ЛЮБЛИНСКОЕ ПОЛЕ
I
Еще не явственным был рассвет, и спокойная Москва-река, и Братеевский мост, и многоэтажные кварталы по берегам, и воздух, и даже собственные руки — все виделось Морику сплошь синим. Далеко впереди пылал капотненский факел, но и его отсвет на небе, казалось, синел. И, глядя на Морика, на этого тщедушного, рано полысевшего человека, вцепившегося в стальные поручни моста, хочется предостеречь всех:
Не берите кредитов! Ценнейший мой совет! Не берите, даже если из Барселоны позвонила единственная, последняя и самая дальняя родственница. Даже если вы узнали, что эта каталонка может скупать по бросовой цене у тамошнего оператора мобильной связи телефоны и может переправлять их в Москву под видом зеленого горошка, чтоб меньше башлять таможне, и даже если есть покупатель на эти телефоны, и даже если покупатель обещал заплатить вдвое, и даже если… В общем, не берите кредитов! Ни при каких условиях!
Морику нужно было раздобыть сто тысяч. За семьдесят он заложил в банк свою двухкомнатную квартиру, тридцать занял у людей, пообещав отдать сорок.
Деньги перевел в Испанию. Каждый день звонил родственнице.
Уже тогда он мог лишиться всего.
Но телефоны прибыли. Через Анкару в Шереметьево-2. Шестьсот аппаратов в двух больших коробках, обмотанных скотчем.
Дома Морик распаковал коробки. В одной — новенькие трубки в пузырчатых пакетиках. В другой — зарядные устройства, аккумуляторы и оригинальная упаковка. На таможне, конечно, вытащили несколько аппаратов, но эти потери были заложены в будущую прибыль.
Два дня Морик придавал товару вид: упаковывал, менял наклейки, закупил гарантийные талоны. Одну комнату превратил в склад, другую — в сборочный цех. Дал рекламу в интернет, взял безлимитный тариф на мобильную связь, заказывал пиццу, пил пиво. Бизнес налаживался.
С первым клиентом встречались в кафе «Палладия» на Октябрьской.
За неделю ушло сто аппаратов.
А потом — как отрубило. Ни одного звонка, ни одной продажи. Морик облазил в интернете все барахолки, конференции. И тут, на самом посещаемом сайте, обнаружил роковой для своего бизнеса баннер. Оказывается, один из московских операторов выбрал его модель для рекламной акции, и теперь телефоны продавались вдвое дешевле, чем закупал их Морик.
Людям Морик долг отдал. И всё.
За железной дверью он пил полгода. Приходили приставы, участковый. Потом был новый год — никто не приходил. Потом весна… и ценных вещей оставалось все меньше, и садилась печень, и высохли цветы на подоконнике, а ведь их еще мать сажала, и как теперь жить, а главное — где?!
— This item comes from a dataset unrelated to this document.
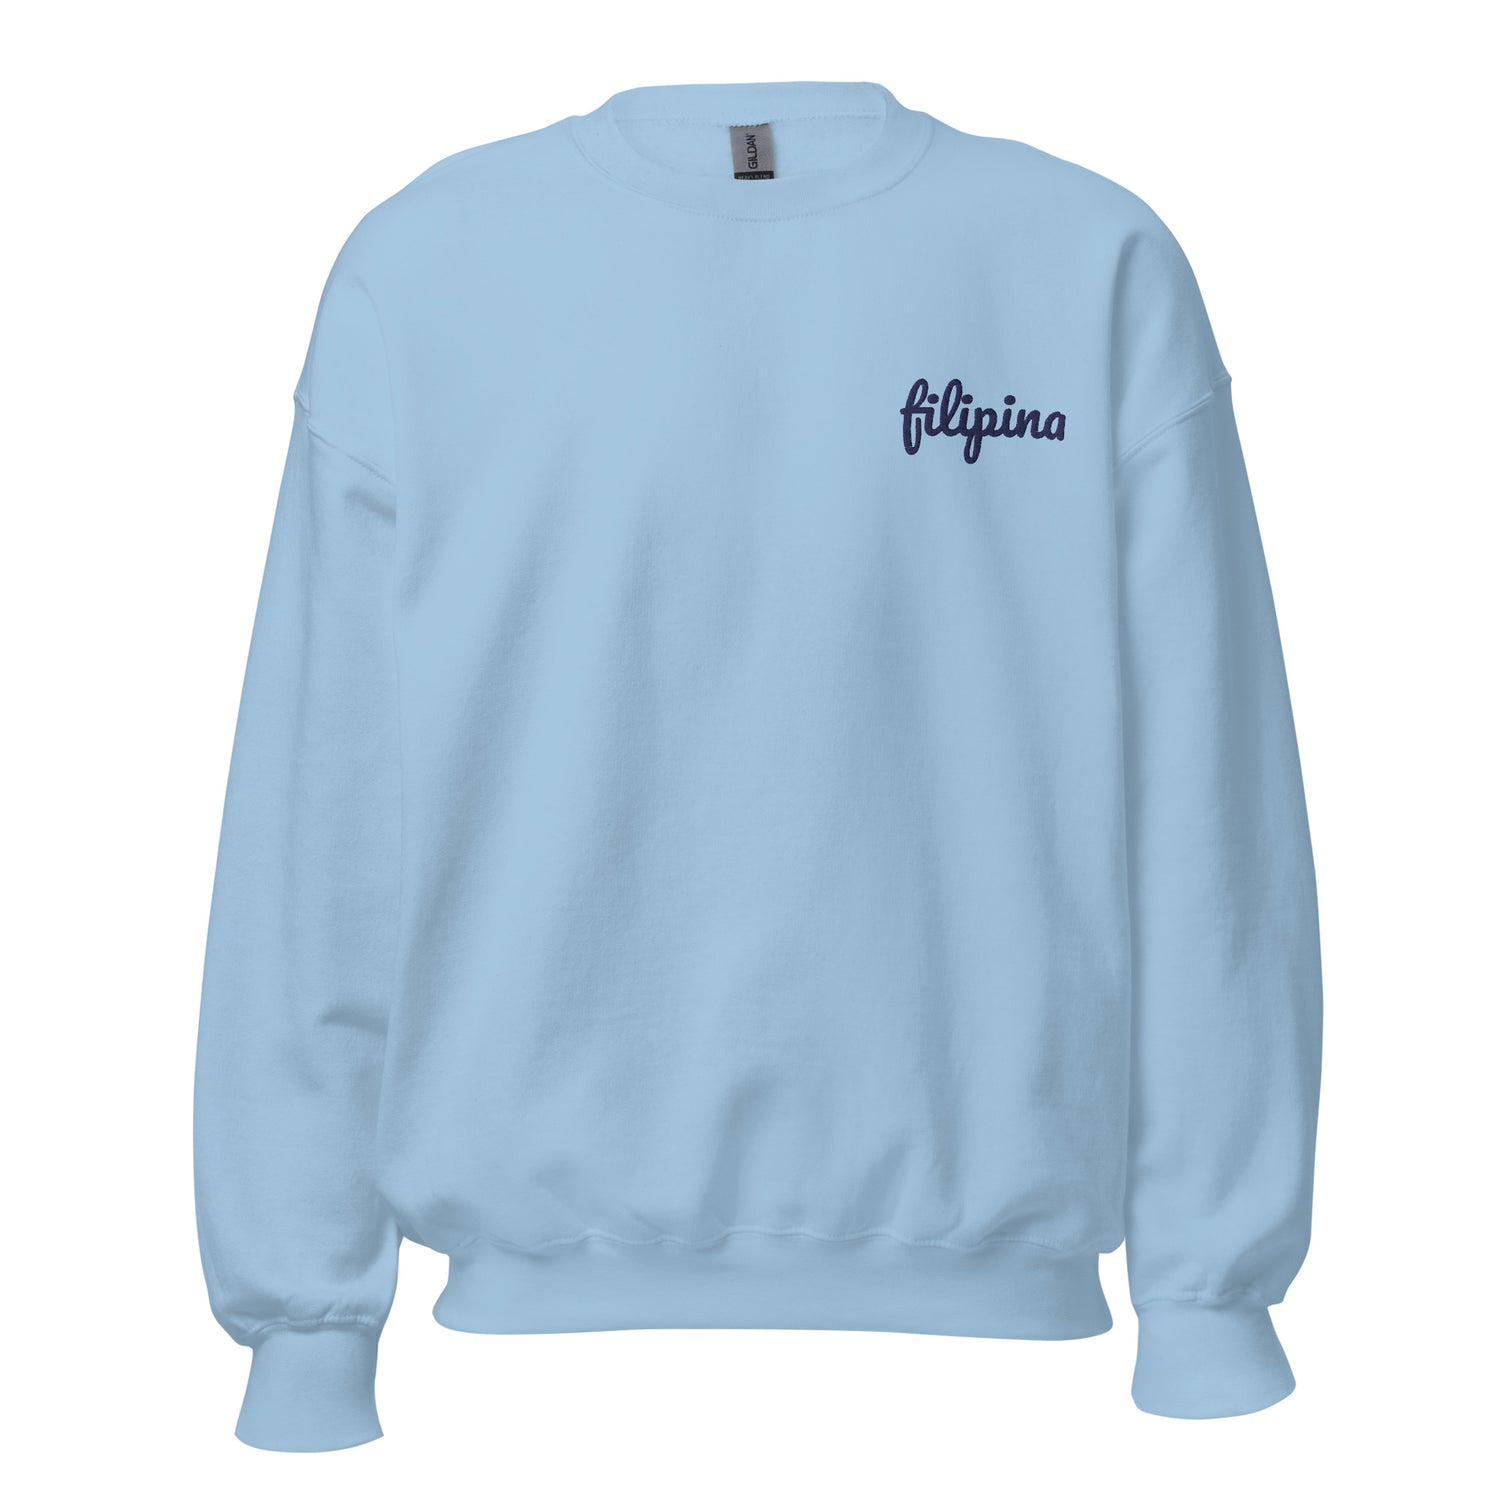 Filipino Sweatshirt Crew Neck Filipina Statement Embroidered Merch in color variant Light Blue

Поздний май. Ночь. Морик прощался с квартирой. Выпил на кухне бутылку водки, прикурил три сигареты, две из них опустил в пустые рюмки и, пока они тлели, говорил с ними. А из форточки зловонно веяло с мелиорационных полей, гавкали псы и искрились гигантские буквы над продуктовым рынком.
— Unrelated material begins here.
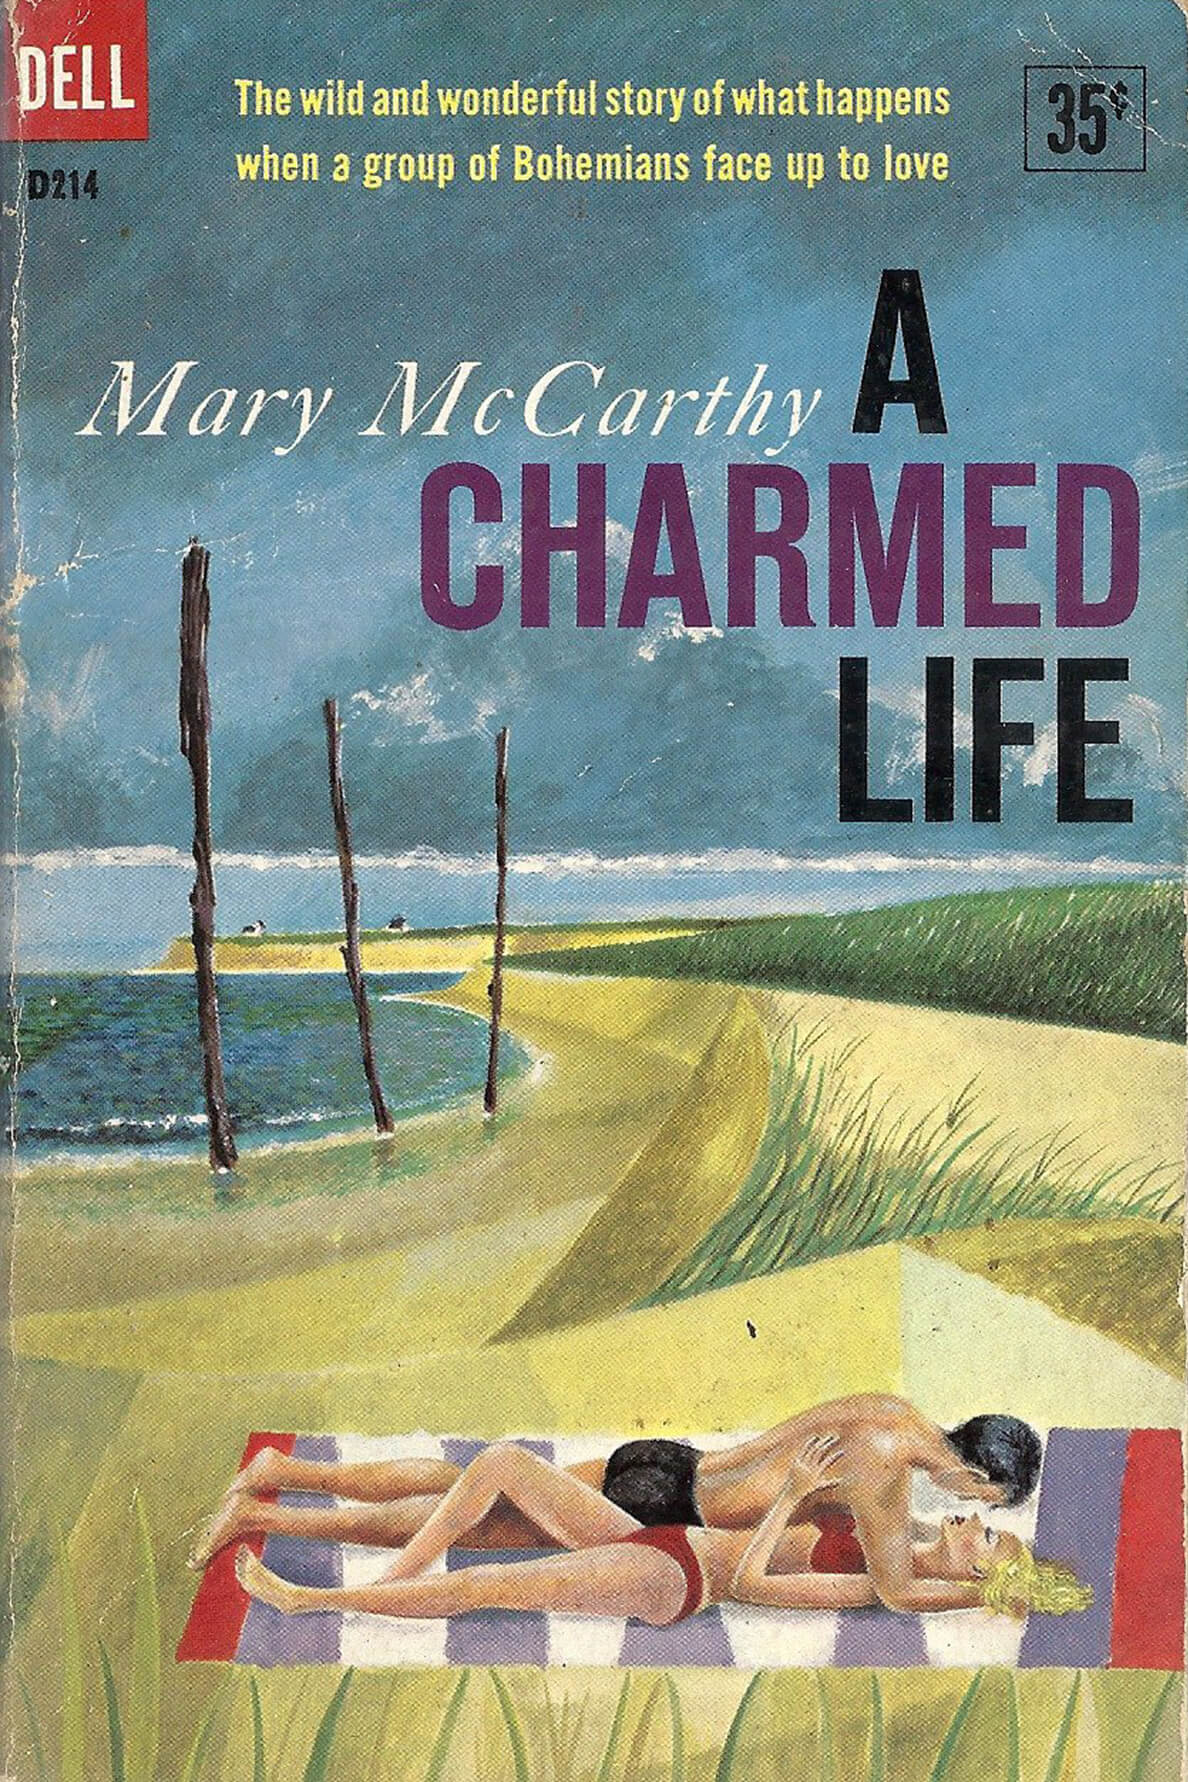 A paperback copy of McCarthy's 1955 novel, <em>A Charmed Life</em>.

Вдоль отстойников Морик вышел к реке. И вместо мыслей в его голове застыла старинная карта, которую он видел в музее Москвы, и на ней черный треугольник на юго-востоке города, окруженный крестиками: холерное кладбище.
За последние десять лет набережная преобразилась. Укоренились кусты и деревья, и сейчас — цвели, фонарной дугой манил к себе Братеевский мост, шумели высоковольтки, захватила газоны еще не стриженная весенняя трава. И медленно, сторонясь друг друга, бегали по асфальтовым дорожкам толстые люди.
Морик поднялся на мост. Долго стоял посередине и смотрел в сторону Капотни, где река поворачивала, и за зеленым поясом, как какой-нибудь Байконур, вздымался нефтеперерабатывающий комбинат: ангары, трубы, маячки и с секундным периодом вспыхивающий факел.
За спиной проносились редкие фуры. Морик швырнул ключи от дома в воду, взобрался на поручень и спрыгнул.
II
На Люблинское поле я хожу не так давно, но началось это все-таки давно. Ну, не тогда, конечно, когда я жил на Волгоградском проспекте, около мясокомбината, от которого пахло жженой шкурой и копченостями. Хотя, наверное, тогда. Ведь тогда я научился жевать конский щавель.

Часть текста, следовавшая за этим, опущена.